KATHMANDU: As Nepal grows into a pluralistic and democratic society, many previously unheard of voices are finally finding platforms. Yet, amongst this plethora of voices, political rhetoric seem to be the loudest. What we generally hear are populist slogans from various groups unanimously often agreeing that ‘The government should provide free education, health care and food!’ Amidst all this demand for ‘free’ goods and services, I tend to wonder at our naivety. Do we really think that all those goods and services are ‘free’? Or do we actually not care where the money comes from as long as it is ‘free’ for us?

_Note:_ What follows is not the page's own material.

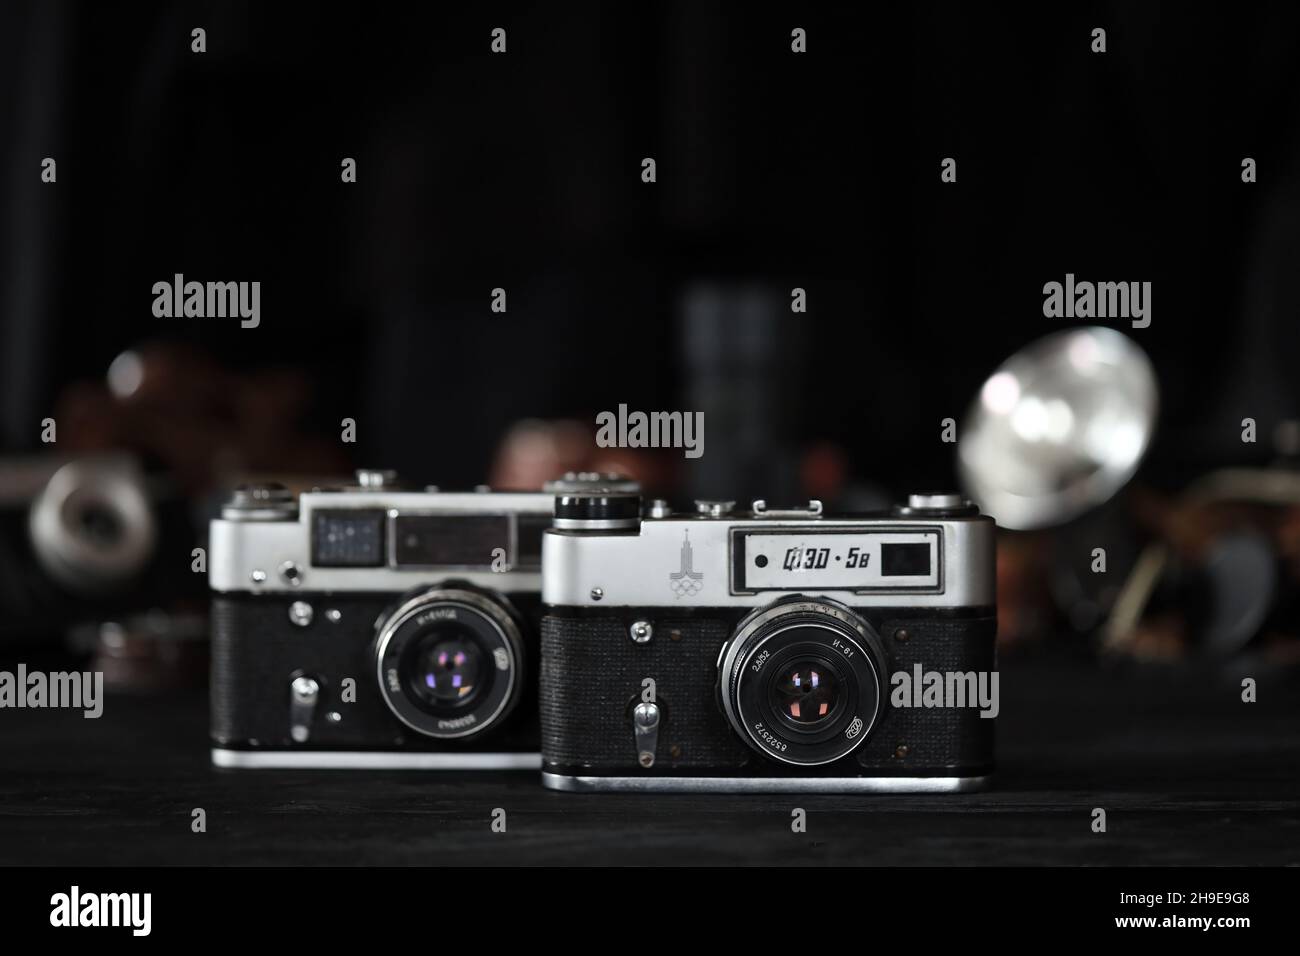 CHARKOW, UKRAINE - 27. APRIL 2021: Fed 4 und 5b Filmkamera und eine weitere alte Retro-Fotoausrüstung auf schwarzem Holztisch in der Dunkelkammer des Fotografen Stockfoto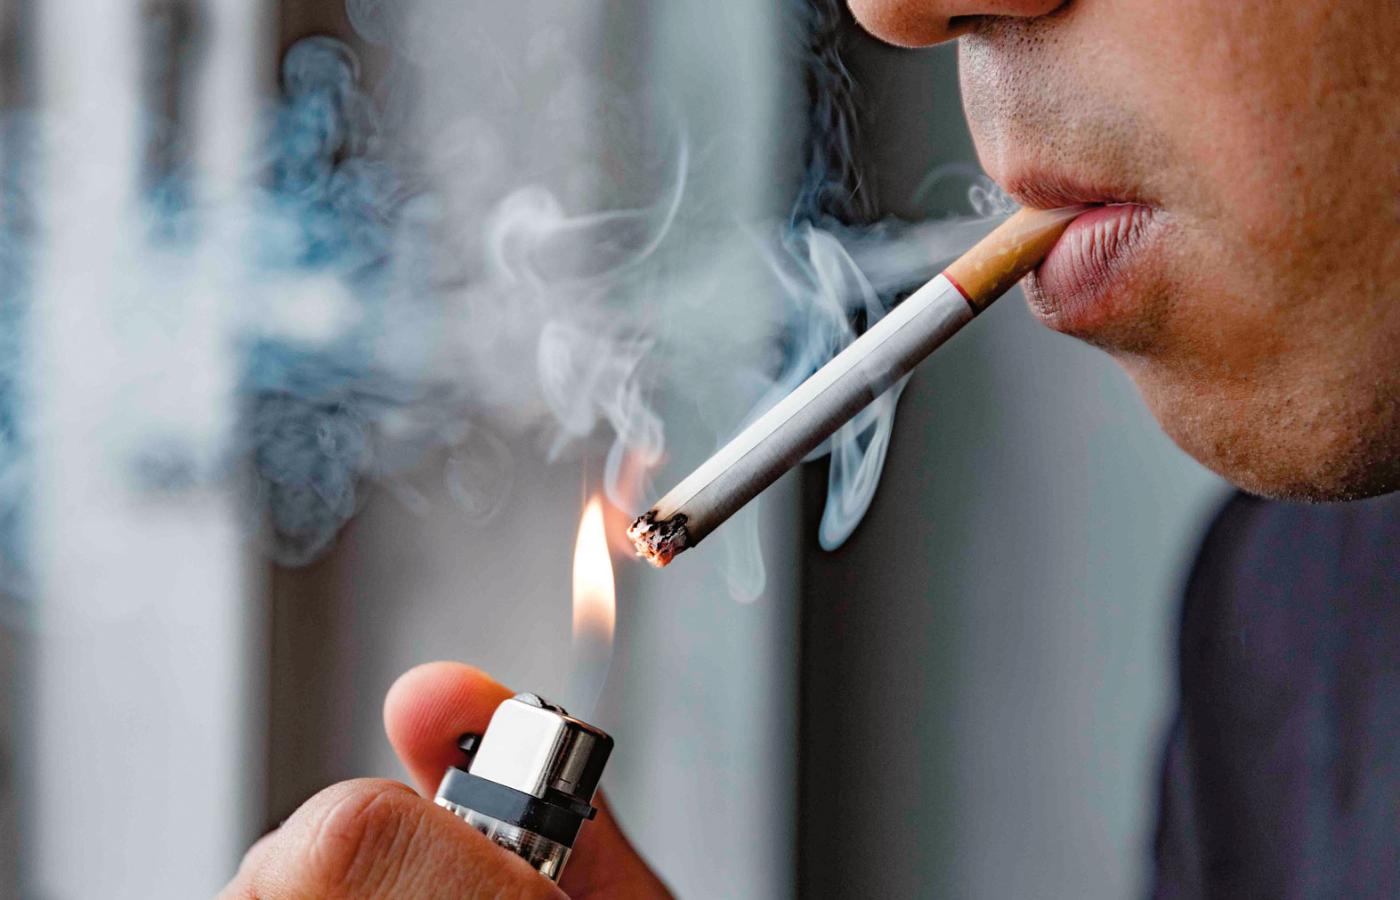 Wiek uprawniający do kupna papierosów w Wielkiej Brytanii (dziś 18 lat) podnoszony byłby co roku o rok, więc „dzisiejsze czternastolatki nigdy legalnie nie mogłyby nabyć papierosów”.

A firm believer of the adage ‘there is no such thing as a free lunch’, you may call me a sceptic for questioning the established welfare
function of the state. But having been a student of economics for quite some time, I cannot help but question the cost associated with everything. Even more so, what we students of economics have been taught as opportunity cost — where else could we have used this money? What is the next best alternative that would have given us the maximum benefit?
Every year, the government collects revenue from us through various measures — direct taxation, indirect taxation and several kinds of fees and fines. The welfare function that the government provides is often done in the name of the marginalised and under privileged or poor. But at the same time, poor Nepalis also buy goods and services from the market. The last time I checked, shopkeepers were not asking
anyone whether they were rich or poor and deducting taxes accordingly. So, we all do pay a certain amount
of money that helps fund these ‘free’ programmes of the government.
At the same time, how many of us actually receive the benefit of ‘free’ programmes run by the government? Look at the impending disaster at places like Bir Hospital or the lack of health personnel in remote areas. Public education is rapidly producing useless degrees and the strikes called on by rather friendly ‘students’ associations’ and ‘teachers’ association’ do not help the case either. This phenomenon of ‘tragedy of the commons’ is not limited to education and health. How many of us have heard that the hard-earned money we pay in taxes is being squandered at public corporations like Nepal Airlines and Nepal Oil Corporation? Yet, we keep demanding the government to give us ‘free’ goods and services and more.
The government invests billions of rupees raised from us through taxes or grants and loans in our names in welfare functions of the state every year. However, the state of welfare services reflects the sorry state of affairs of our government. The associated cost however does come to us eventually with the debt per Nepali growing to an estimated Rs 11,000. If it really was ‘free’, how come I owe so much money while I have not been able to use the services that government apparently provides?
Whenever we demand the state intervene in our lives with services like health and education, how come we do not realise that it does not come for ‘free’? The costs associated are not necessarily monetary all the time. A recent example of this is, after we established Nepal as a republic, we complained that the education system had been destroyed by the Shah dynasty since the only history we read was their
glorified past. It was the public education (read also the state decided curricula) that brought this on. Now, as we demand the state to take over education again, are we choosing to read about the Koirala family’s glorified past or R for Revolutionary?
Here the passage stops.